An NXDOMAIN attack is one of various distributed denial-of-service (DDoS) attacks targeting the Domain Name System (DNS). In it, attackers flood a DNS server with a large request volume for records that do not exist or are invalid. As a result, the target DNS proxy server uses up its resources to query an authoritative server, causing both DNS servers to slow down and eventually stop responding.
The most infamous NXDOMAIN attack to date could be that which targeted Dyn, a prominent U.S.-based DNS service provider, back in October 2016.
Read More about “NXDOMAIN Attack”
The NXDOMAIN attack on Dyn had disastrous consequences. It was even said to have “disrupted the Internet,” as it slowed down or even halted the operation of some of the world’s biggest companies, including Twitter, The Guardian, Netflix, Reddit, CNN, and many more.
Who Should Be Wary of NXDOMAIN Attacks?
Apart from DNS service providers like Dyn, other entities should also make it a point to avoid succumbing to NXDOMAIN attacks. The entire list includes:
- Network service providers: Dyn falls under this category, along with any other entity that operates DNS servers. An NXDOMAIN attack can disrupt the operations of many of their customers by rendering their websites and services inaccessible.

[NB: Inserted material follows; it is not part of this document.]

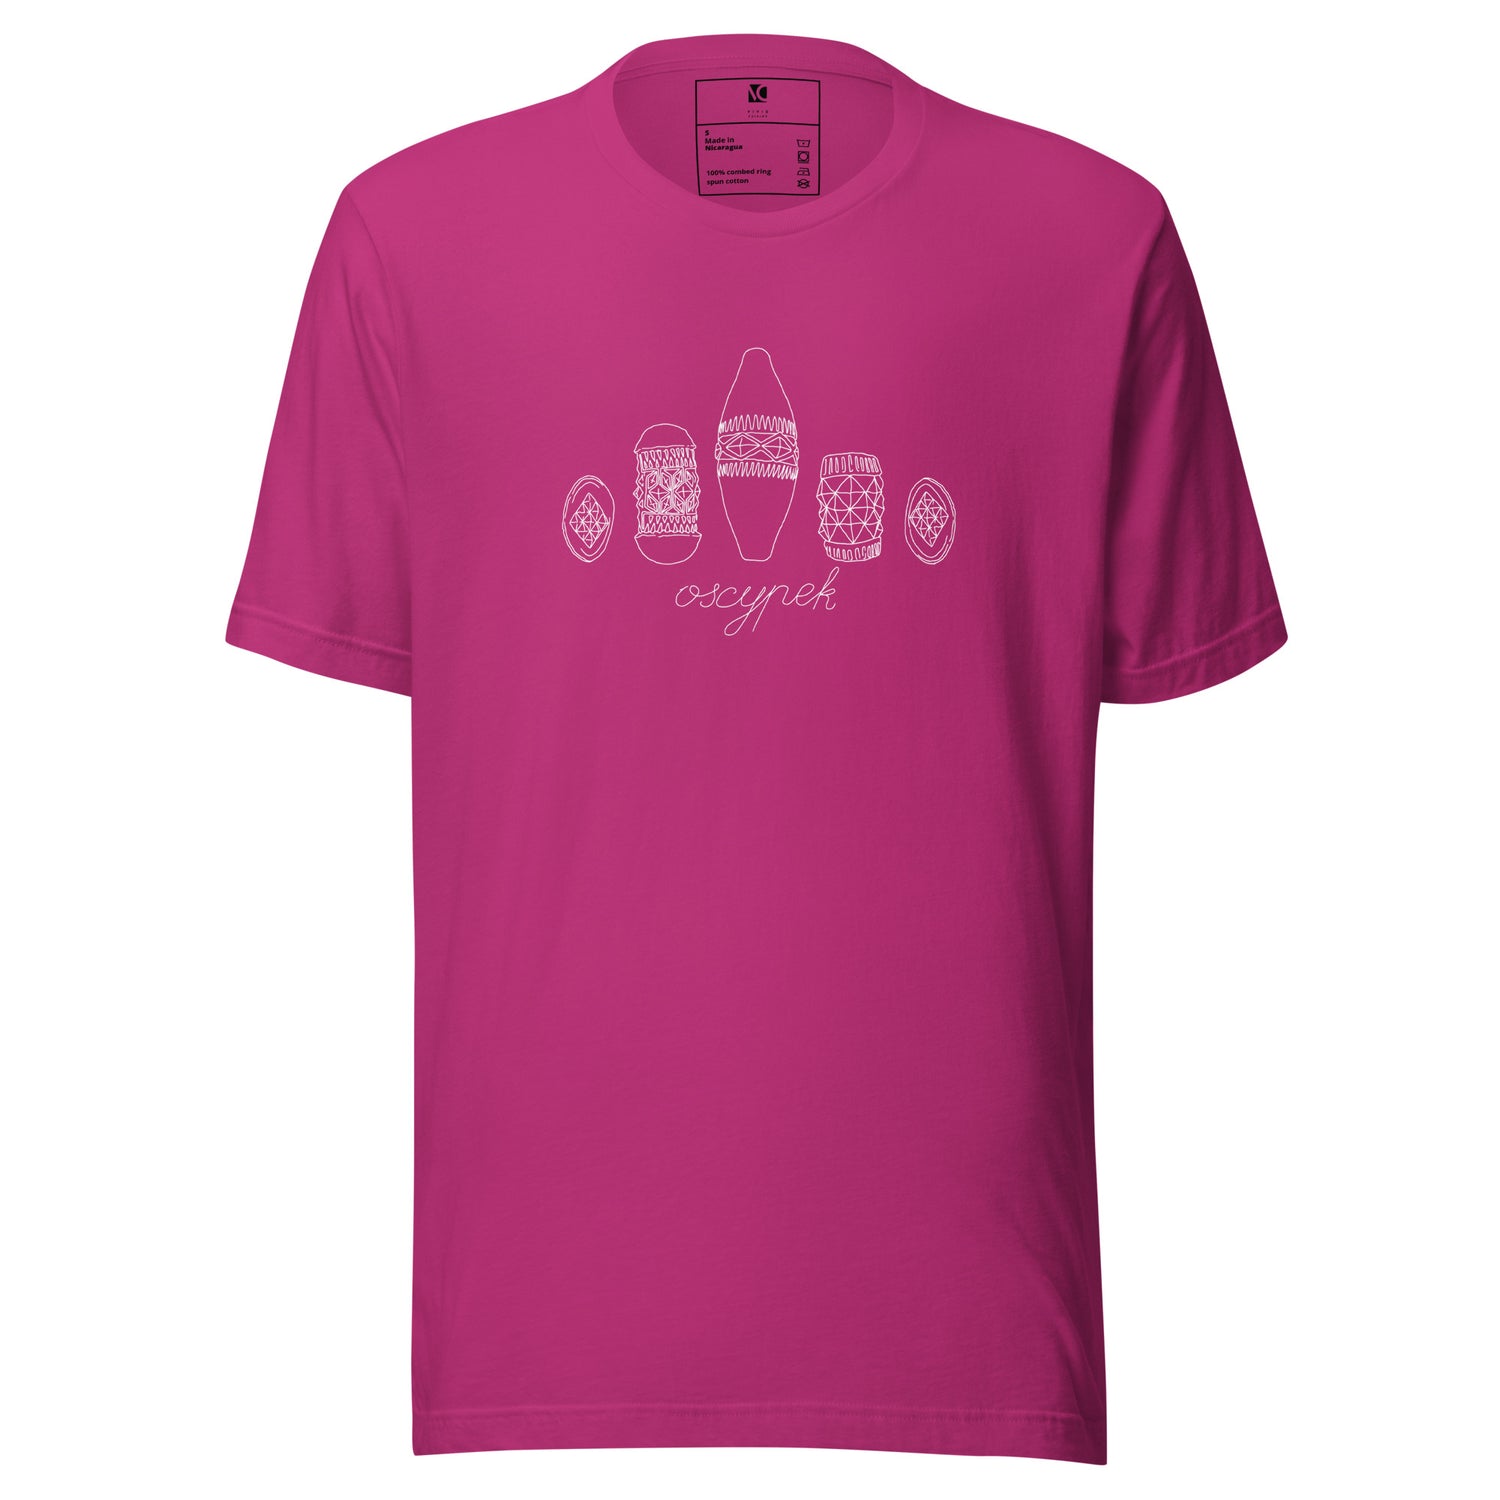 Oscypek (W) - Unisex T-Shirt

- Website owners: All kinds of sites can also be brought down by NXDOMAIN attacks, making them inaccessible to legitimate customers. That could disable them from selling products or offering their services.
- End-users: All affected website and service users will be unable to access the products or services they subscribe to if the provider is attacked.
How Can You Tell If an NXDOMAIN Attack Is Targeting You?
A DNS proxy server, which forwards requests and replies to servers and clients, respectively, that constantly sends invalid requests to the server is most likely under an NXDOMAIN attack. The server will then keep responding with an error message. As the attack ensues, the server
slows down. If that happens, it can’t process even legitimate requests. Eventually, the server stops responding, disrupting the operation of a website or service.
A DNS server suffering from an NXDOMAIN attack has a very high central processing unit (CPU) load and a very high rate of NXDOMAIN reply generation. In this scenario, a typical NXDOMAIN reply is, “The site does not exist.”
Why Do NXDOMAIN Attacks Work?
NXDOMAIN attacks work because they are hard to detect. In fact, several DNS server administrators often think a slowdown is caused by a performance problem instead of an attack.
How Can You Stop an NXDOMAIN Attack?
Regular auditing of DNS servers is critical to thwarting NXDOMAIN attacks. Monitoring server traffic can also stop an ongoing attack if detected early.
Other best practices are:
- Blackhole or shut down domains and servers that you suspect are under attack as soon as you see signs.
- Configure websites and servers to limit DNS response rates.
- Check suspect websites and servers that are generating too many NXDOMAIN, NXRRset (“The type of record doesn’t exist.”), or SRVFAIL (“Something went wrong.”) responses. Block the access of the request sources as well.
- Always ensure that cache refreshes take place on all websites and servers.
- Shorten the timeout for recursive name lookups. That should free up space in DNS servers, preventing the occurrence of too many outstanding queries that can max its resources out.
- Increase the time-to-live (TTL) value on DNS records. That will allow servers to keep existing records (ones users queried before) in their cache.
- If a DNS server is already near its full capacity, to begin with, enable rate limiting on it to keep it from getting overwhelmed.
- Prevent DNS servers from logging nonexistent or invalid domains to free up much-needed resources.
- Keep a backup DNS service provider handy. If one fails (as in the Dyn attack), another can take its place.
- Use a DNS monitoring or firewall solution to detect attacks.
- Keep your DNS server private. If possible, use a dedicated server.
- Check for DNS-related vulnerabilities regularly. Download and install patches as soon as they are made available.
As you’ve seen, DNS servers are an integral part of business operations. If they succumb to an NXDOMAIN attack, chances are users won’t be able to access your website, causing you to lose productivity and even revenue.